What is needed: When you reproduce the data, keep every word exactly as it stands and leave the pictures out.

*** Provided material ***

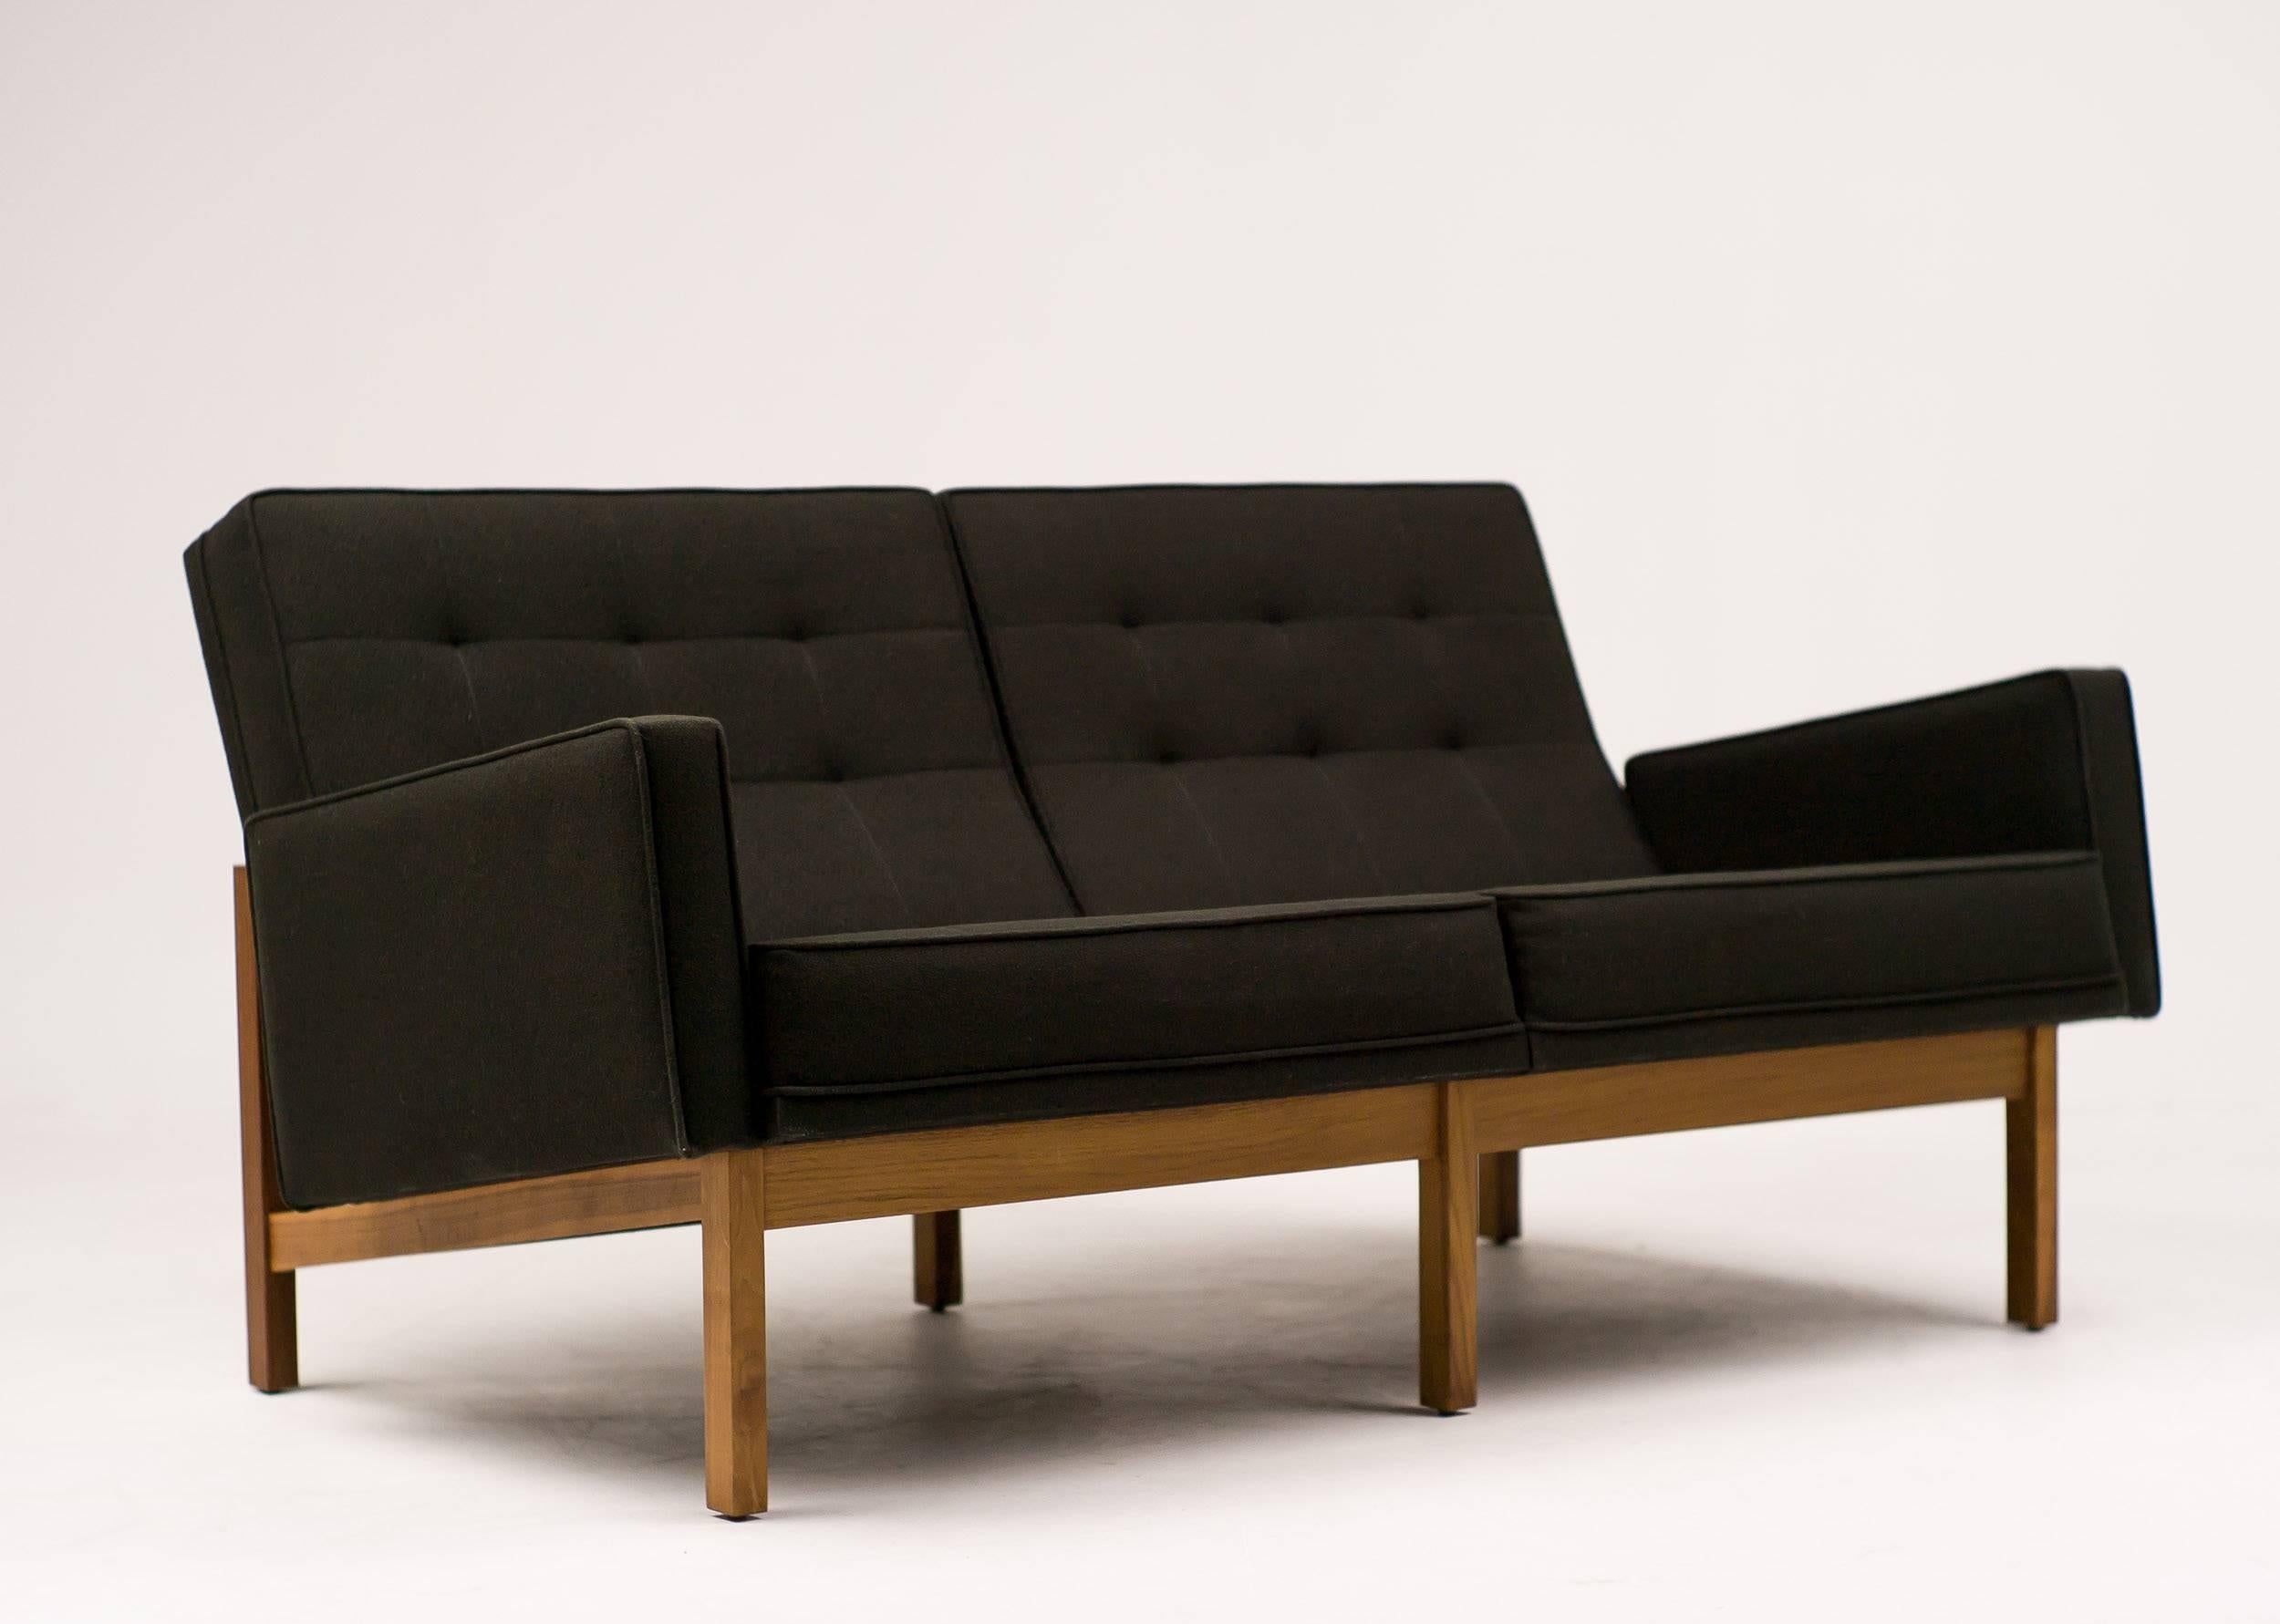 Split rail two-seat sofa in walnut with charcoal fabric designed by Florence Knoll, manufactured by Modernica.

Excellent fast and affordable worldwide shipping.
White glove delivery available upon request.
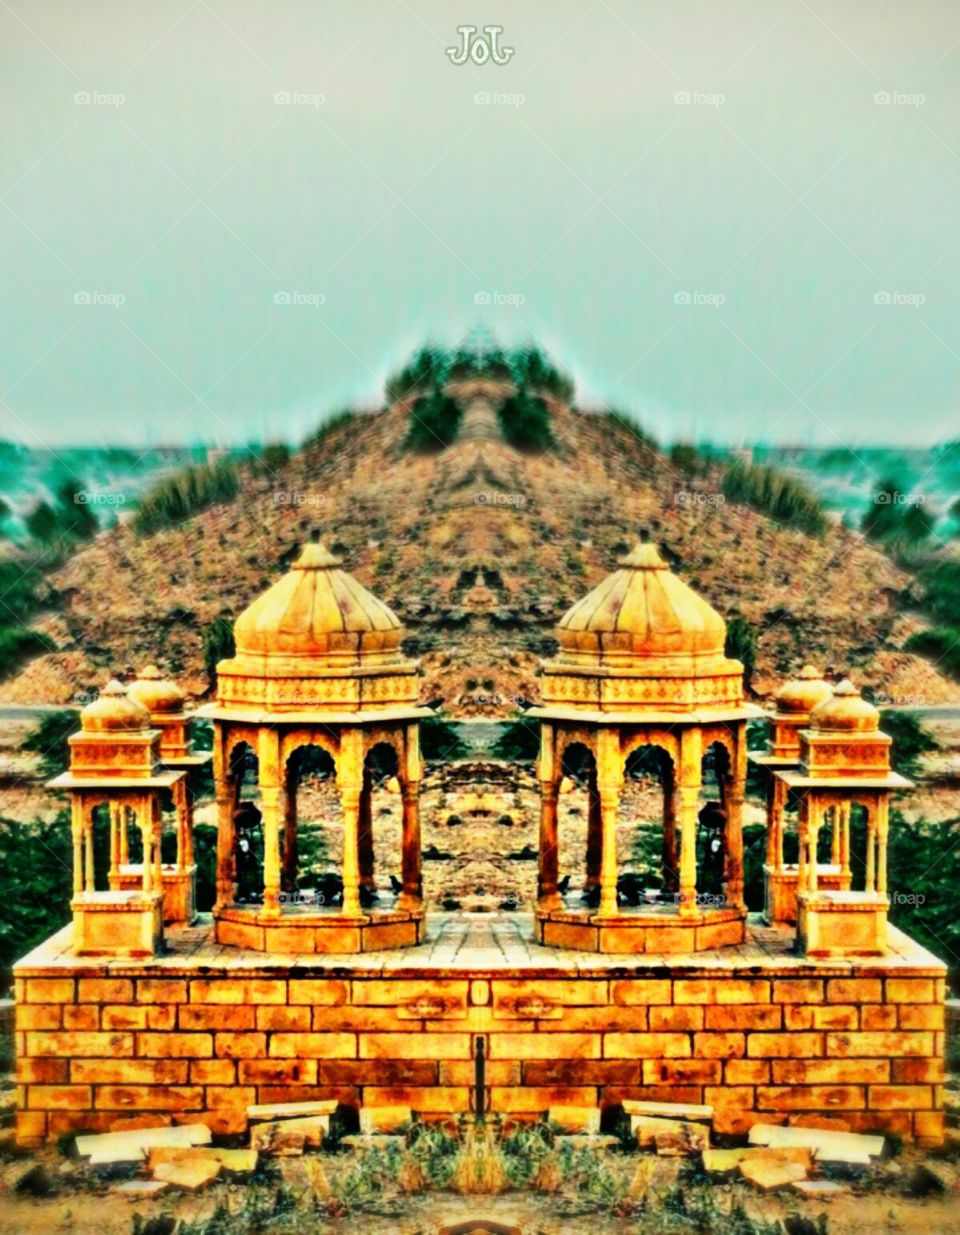 Jodhpur Fort in an unique photo

*** End of Provided material ***

Task result:
 Split rail two-seat sofa in walnut with charcoal fabric designed by Florence Knoll, manufactured by Modernica.

Excellent fast and affordable worldwide shipping.
White glove delivery available upon request.
 Jodhpur Fort in an unique photo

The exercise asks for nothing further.